Par décision du 25 juillet 2024, notifiée le 26 juillet 2024, la commission des droits et de l’autonomie des personnes handicapées (ci-après la CDAPH) a, après évaluation médicale de la situation de Madame [S] [J], rejeté ladite demande au motif que ses troubles ont un retentissement léger à modéré sur son autonomie sociale et professionnelle, ce qui correspond à un taux d’incapacité inférieur à 50 % selon le guide barème de l’annexe 2-4 du code de l’action sociale et des familles.
Par courrier du 13 août 2024, Madame [S] [J] a effectué un recours administratif préalable obligatoire devant la CDAPH qui en a accusé réception le 25 septembre 2024.
Par lettre recommandée avec accusé de réception expédiée le 28 janvier 2025, Madame [S] [J] a saisi le pôle social du tribunal judiciaire de Marseille d’une requête en contestation à l’encontre de la décision implicite de rejet de la CDAPH, née du silence gardé de cette dernière suite à sa contestation.
En raison de la nature du litige, le tribunal a ordonné une consultation médicale confiée au docteur [Q] [B] lequel a conclu, au terme de son rapport en date du 08 juillet 2025, que la requérante présente un taux d’incapacité compris entre 50 et 79% ainsi qu’une restriction substantielle et durable d’accès à l’emploi.
L’affaire a été appelée et retenue à l’audience de plaidoirie du 16 décembre 2025.

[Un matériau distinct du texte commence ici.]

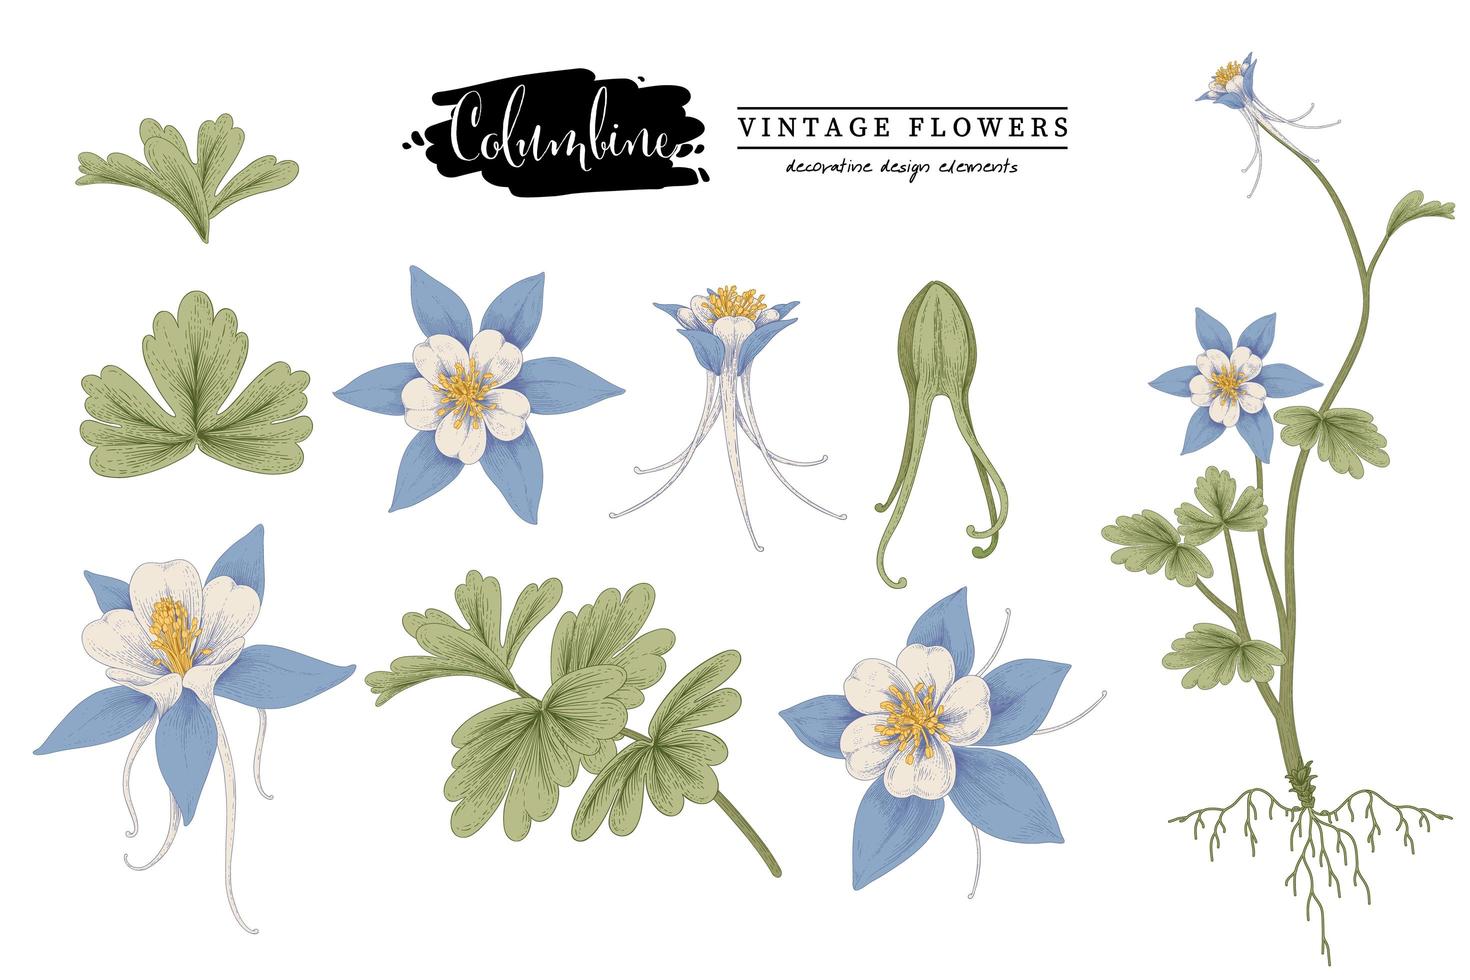 insieme decorativo delle illustrazioni botaniche degli elementi disegnati a mano dell'annata del fiore blu della colombina vettore

Aux termes de ses dernières conclusions déposées et soutenues à l’audience du 16 décembre 2025, auxquelles il convient de se référer, conformément à l’article 455 du code de procédure civile, pour un plus ample exposé des moyens, Madame [S] [J], assistée de son conseil, sollicite du tribunal de :
— constater qu’elle présente un taux d’incapacité au moins égal à 50% à 79% avec une restriction substantielle et durable pour l’accès à l’emploi,
— annuler la décision de la CDAPH des Bouches-du-Rhône en date du 25 juillet 2024,
— dire et juger qu’elle remplit les conditions d’attribution de l’allocation aux adultes handicapés,
— condamner la MDPH des Bouches-du-Rhône à lui verser l’allocation aux adultes handicapés à compter de la date de sa demande initiale,
— ordonner l’exécution provisoire,
— condamner la MDPH des Bouches-du-Rhône aux entiers dépens de l’instance.
Au soutien de ses demandes, Madame [S] [J] expose qu’elle présente depuis plusieurs années des troubles psychiatriques limitant dans des proportions importantes son autonomie et l’empêchant d’occuper un quelconque emploi de sorte qu’elle s’estime fondée à solliciter le renouvellement de l’AAH.

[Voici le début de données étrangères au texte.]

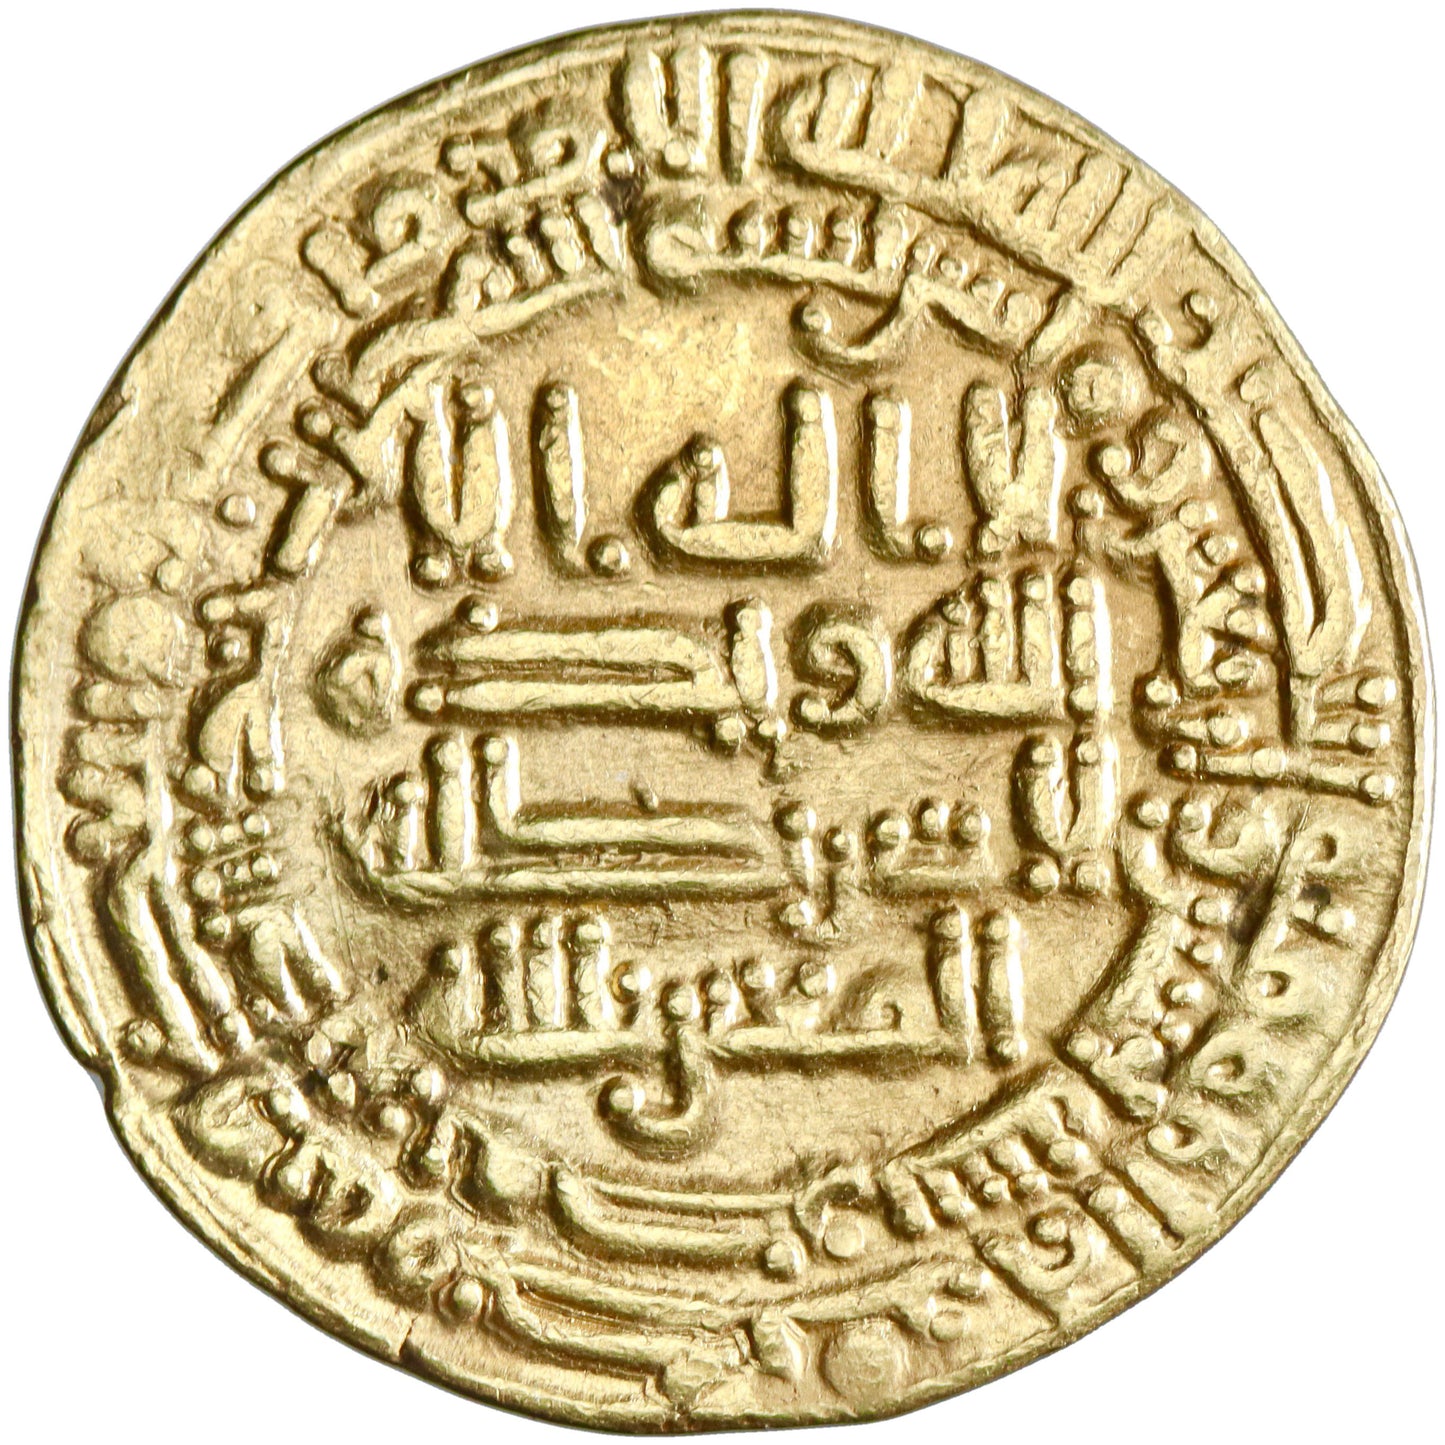 Abbasid, al-Mutawakkil 'alallah, gold dinar, Misr (Egypt) mint, AH 242, citing al-Mu'tazz

Aux termes d’un mémoire en défense en date du 1er décembre 2025 auquel il convient de se référer, conformément à l’article 455 du code de procédure civile, pour un plus ample exposé des moyens, la MDPH des Bouches-du-Rhône, représentée par une inspectrice juridique, demande au tribunal de débouter la requérante de l’ensemble de ses demandes et de confirmer la décision de la CDAPH ayant rejeté la demande de renouvellement d’AAH.
La MDPH des Bouches-du-Rhône invoque au soutien de ses demandes les conclusions de l’équipe pluridisciplinaire et du médecin psychiatre ayant examiné la requérante qu’elle oppose à l’avis du médecin consultant désigné par le tribunal dont elle critique la pertinence.
La caisse d’allocations familiales des Bouches-du-Rhône, appelée en la cause, n’a produit aucune observation. Elle n’est ni représentée ni comparante à l’audience.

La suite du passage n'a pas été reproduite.